Hi Hank,

I'm curious, which PIMs have you worked on in the past? I'm a big fan of 
EccoPro (still use it daily) and even have a couple of Agenda files 
that I occasionally open and add things to.

As you've noted, Chandler's terminology and UI are quite influenced by 
GTD, and I agree with your point that it would be good to get rid of 
unnecessary jargon. "Triage" is a good example: it seems like several 
people brought up "status" as a more understandable alternative, which 
I also quite like. 

On the other hand, I think your perspective is at times a little too 
harsh and perhaps also too strongly anchored in your use of iTunes (or 
other apps). For example, "collection" is a pretty common English word, 
why is it less descriptive of a "group of things" than a "folder"? I 
don't know iTunes that well (although I do use it to listen to 
podcasts), but I don't dispute that "folder" by now is a well 
established word in the computer usage. However, in the most common use 
by far it means a bunch of files. This common usage further implies 
that there is a hierarchy (or tree) of folders, and that each file (or 
item) can only belong to one folder. Neither is true in Chandler's 
case: collections are not hierarchical and an item can belong to 
multiple collections.

Dashboard is a term that I'm more ambivalent about. It's another one of 
GTD-ish terms, although it is also one that is increasingly common in 
business applications that give a one-page, easy to understand status 
overview of some process or operation. If that were indeed what the 
Dashboard view did in Chandler, I would feel a lot more strongly about 
it.

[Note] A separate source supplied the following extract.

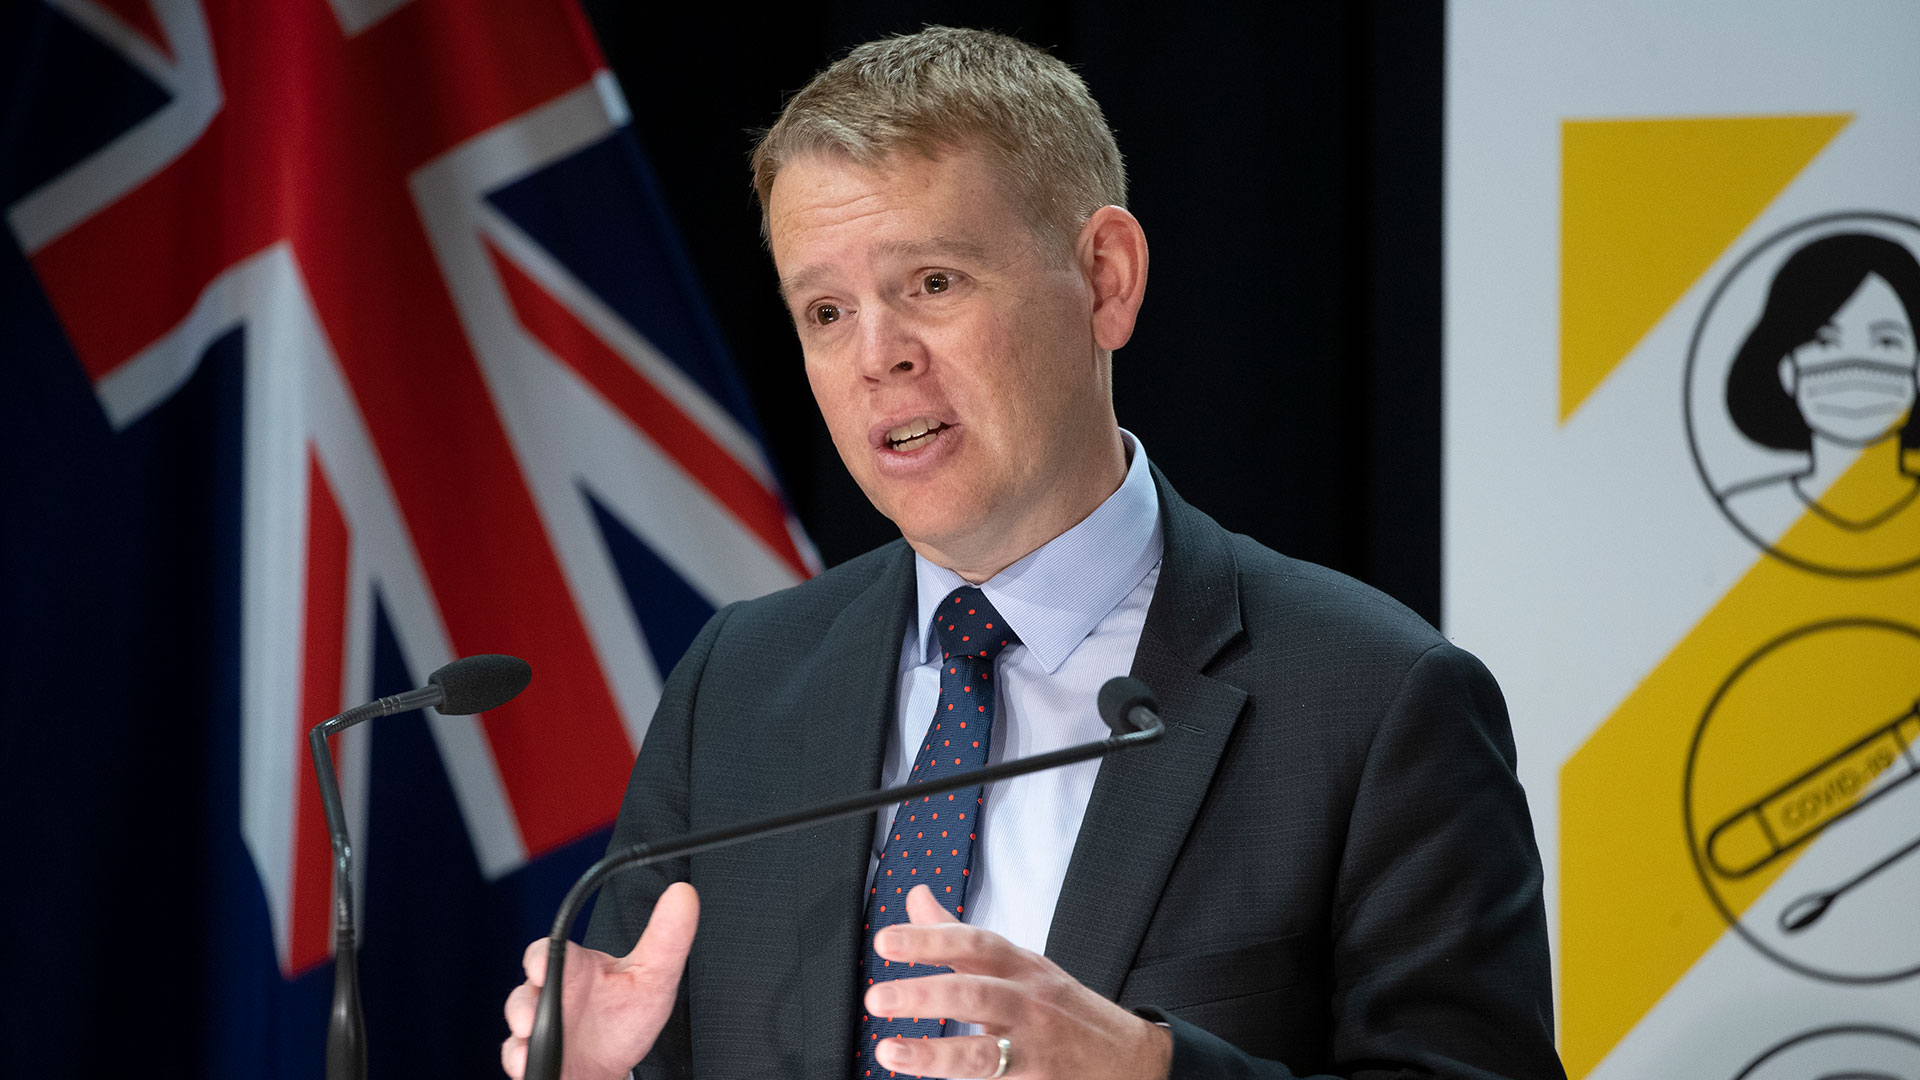 Chris Hipkins habla durante una actualización de la respuesta a COVID-19 en el Parlamento el 24 de noviembre de 2021 en Wellington, Nueva Zelanda. (Foto de Mark Mitchell - Pool/Getty Images/Archivo)

However, it does not right now, and serves more-or-less as a union 
of some subset of available collections. (Plus Dashboard-only items, as 
Heikki pointed out, although this doesn't seem to be that common in 
everyday usage.) Discussion about Dashboard redesign seems to pop up 
every now and then, but so far with no visible changes in the app, as 
far as I can tell. If this redesign is not going to be done in the 1.0 
timeframe, maybe it's better to just not have the Dashboard collection 
at all, rethink it fully when there is more time, and add it with great 
fanfare for 2.0. :-)

Davor

On Saturday 08 December 2007 16:07:48 hank williams wrote:
> Philip,
>
> Thanks for your comments. I'll take two out of three!
>
> As for your views on tag or category, and needing something more
> concrete I can agree with that. As I said in my next post, iTunes
> uses the word folders and it works *exactly* the way (at least as I
> understand them) collections do. iTunes is a pretty popular app and
> so you would gain enormously by leveraging that nomenclature.